- The problem -
Starting at the line with "Camelbak 25oz. Eddy" and ending at the line with "online cycling programs", print exactly the lines of the entries below. Pictures do not belong in the copy.

- Given information -

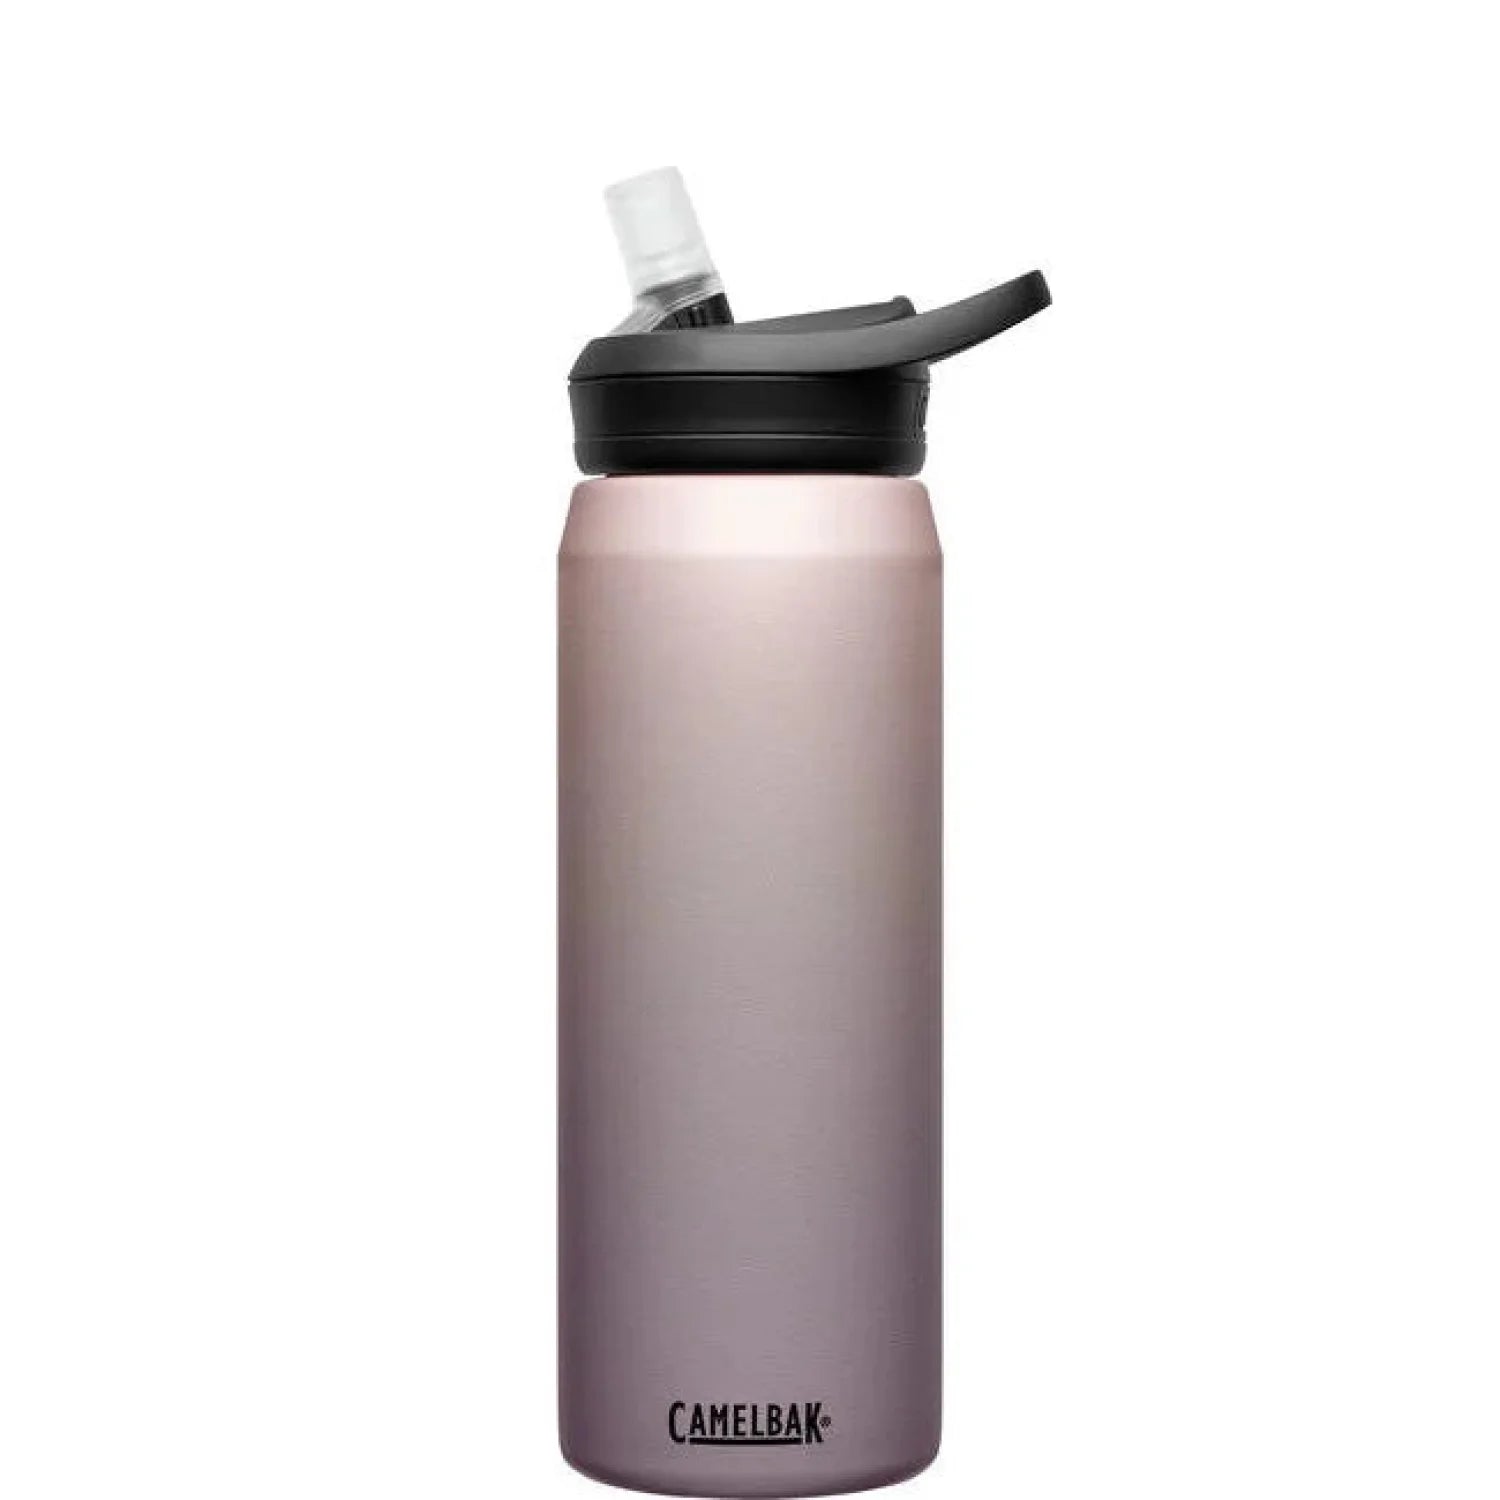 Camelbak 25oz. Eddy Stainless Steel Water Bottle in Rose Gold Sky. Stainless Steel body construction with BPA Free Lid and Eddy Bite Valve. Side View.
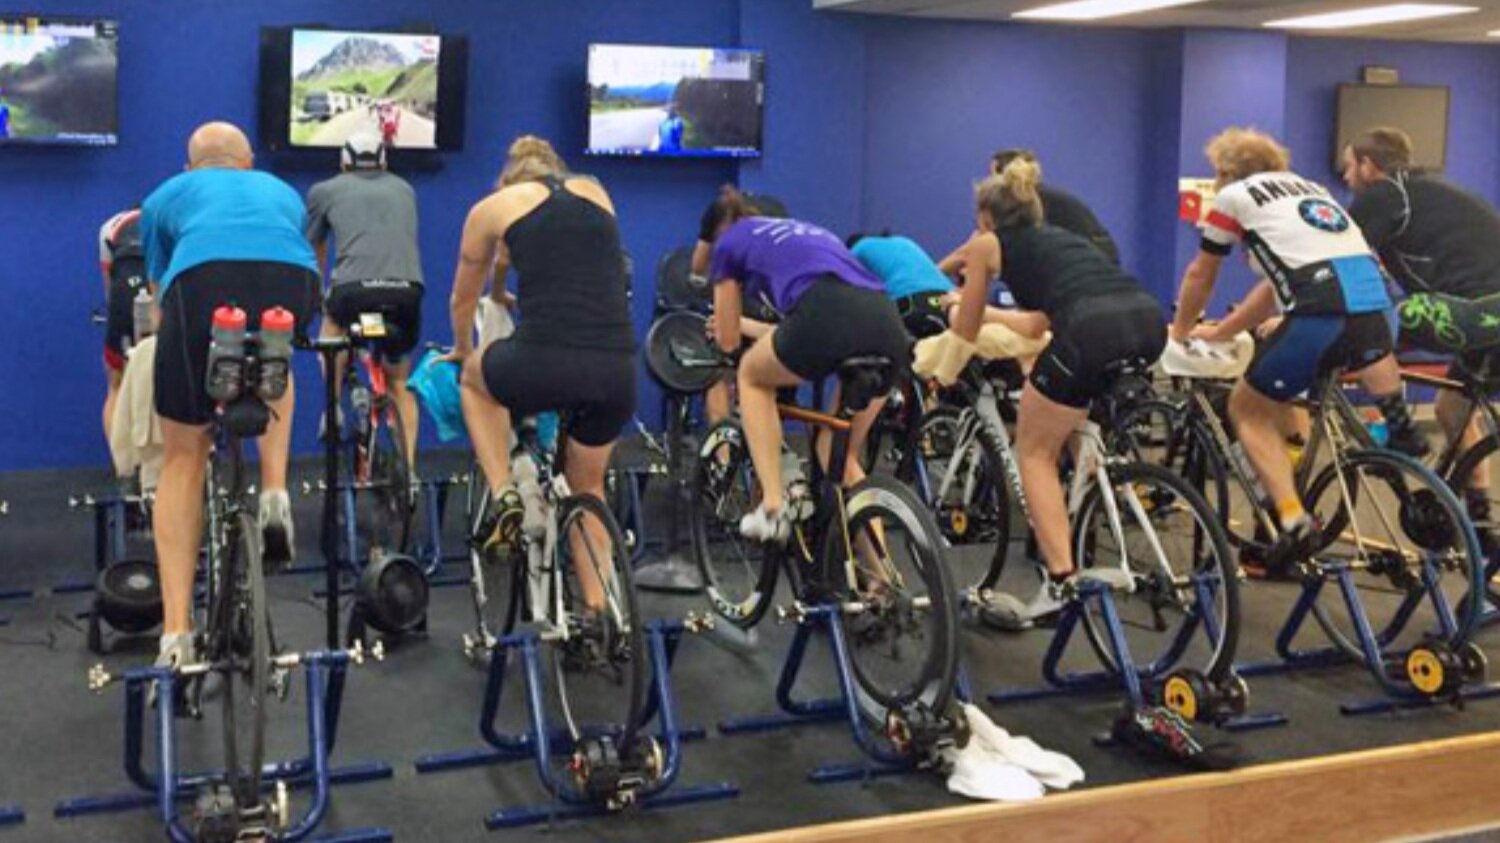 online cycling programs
* * *
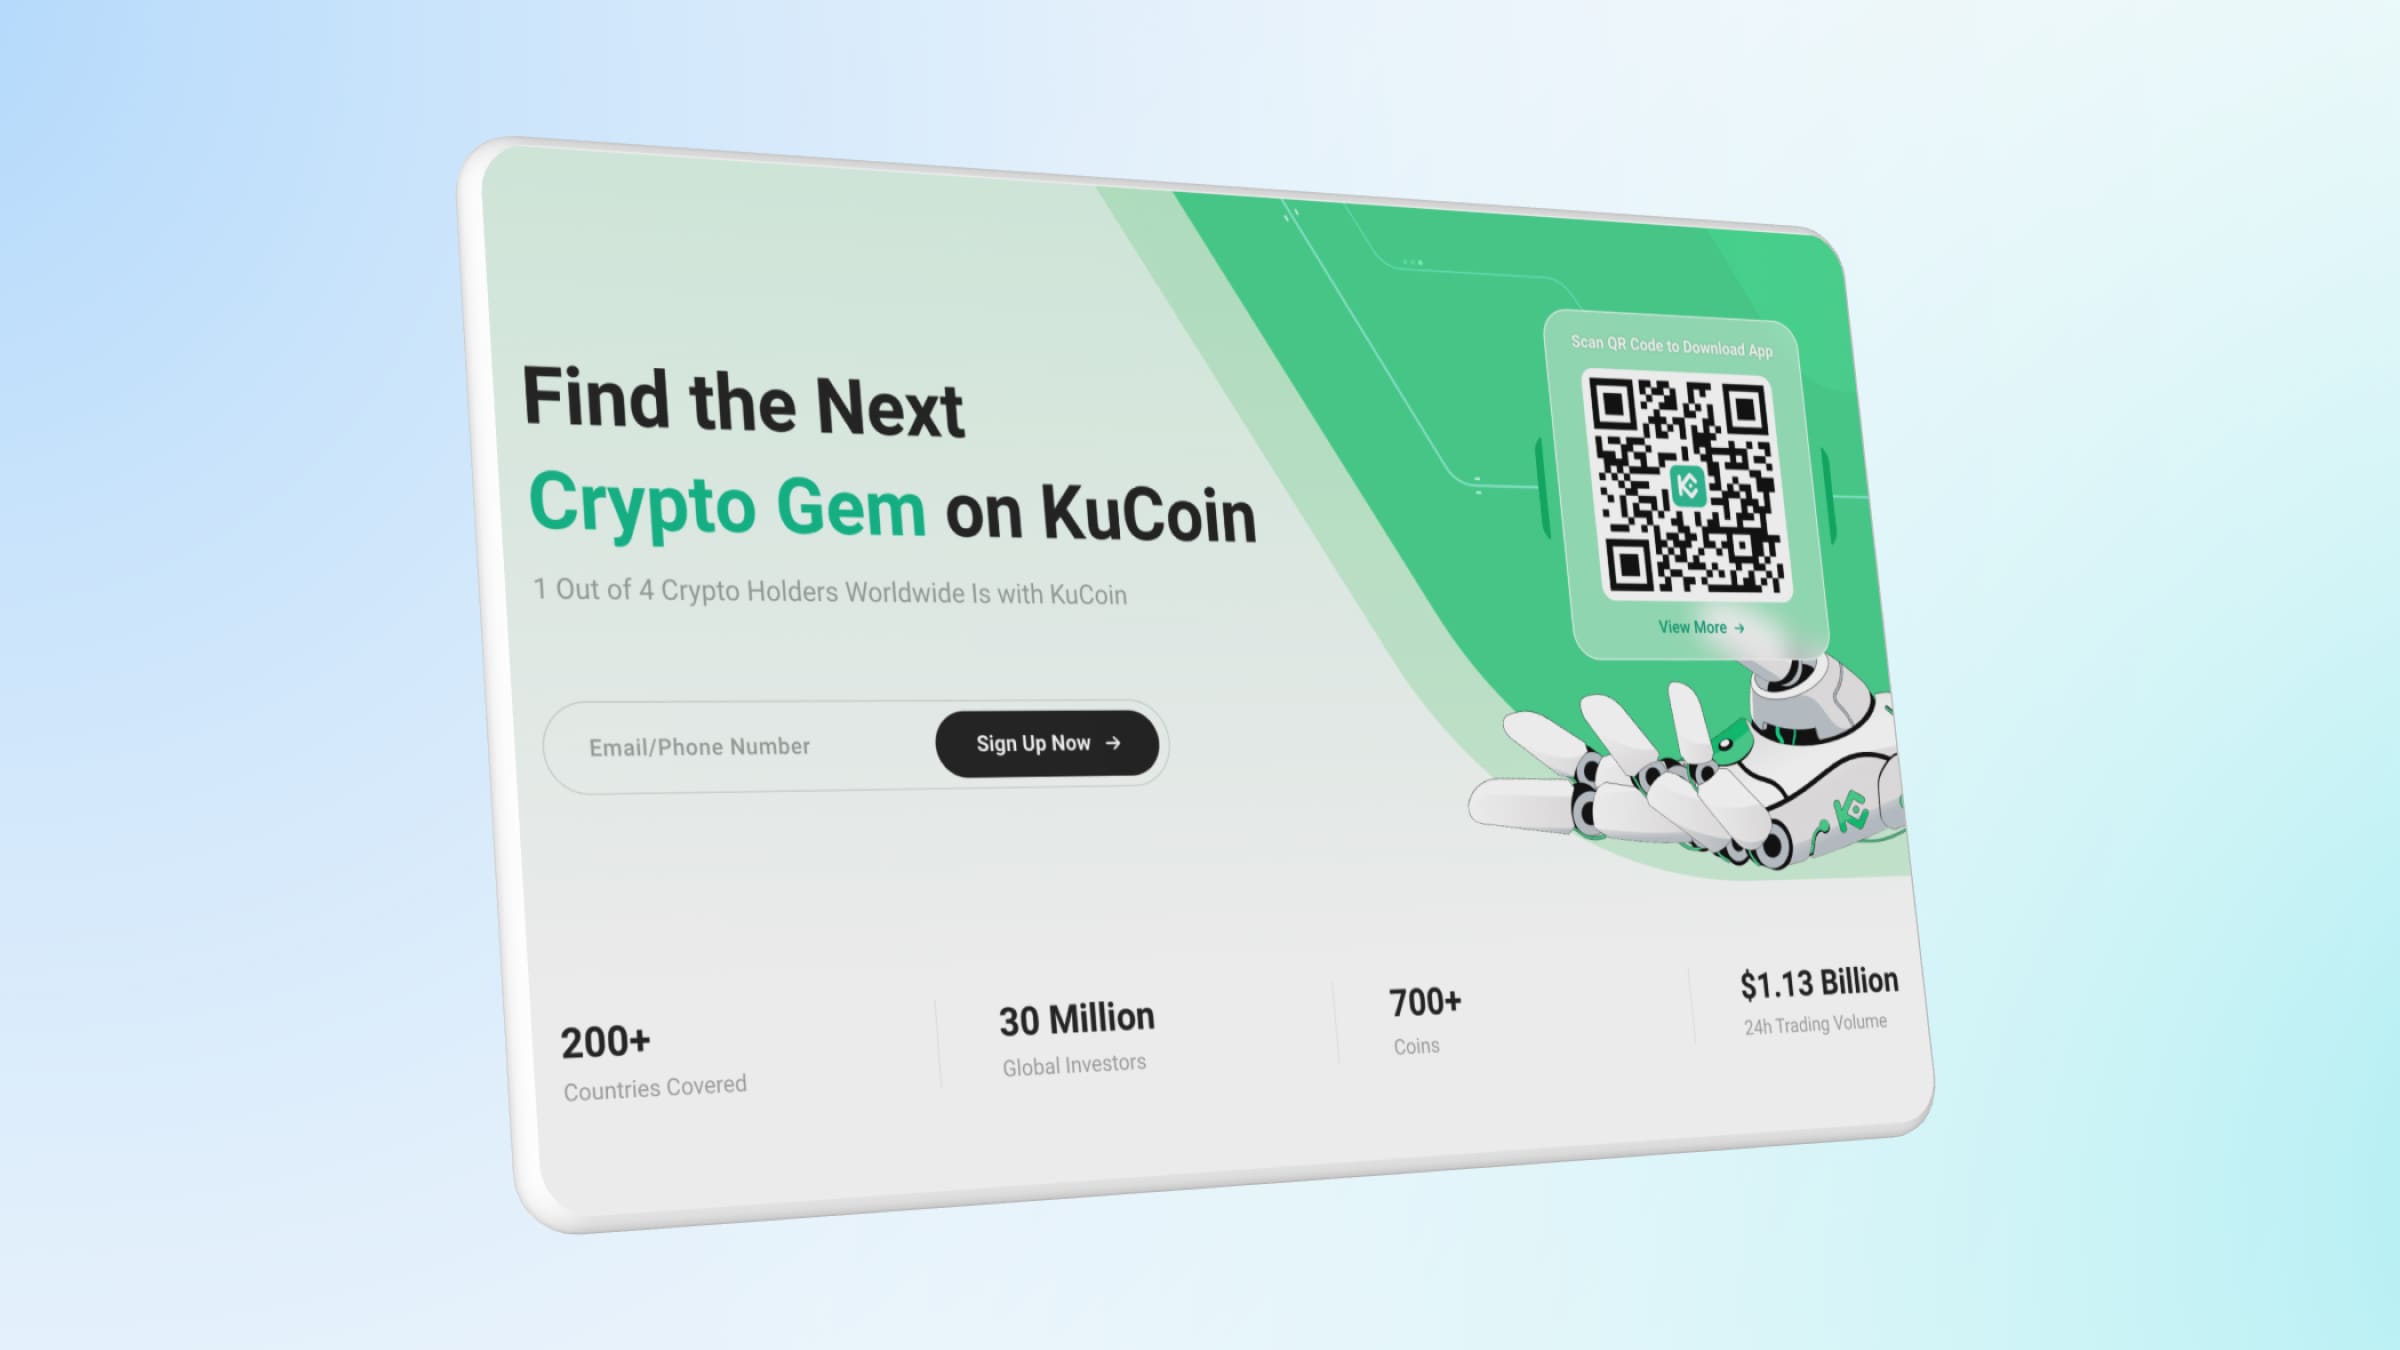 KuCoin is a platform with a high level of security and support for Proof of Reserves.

- Answer -
 Camelbak 25oz. Eddy Stainless Steel Water Bottle in Rose Gold Sky. Stainless Steel body construction with BPA Free Lid and Eddy Bite Valve. Side View.
 online cycling programs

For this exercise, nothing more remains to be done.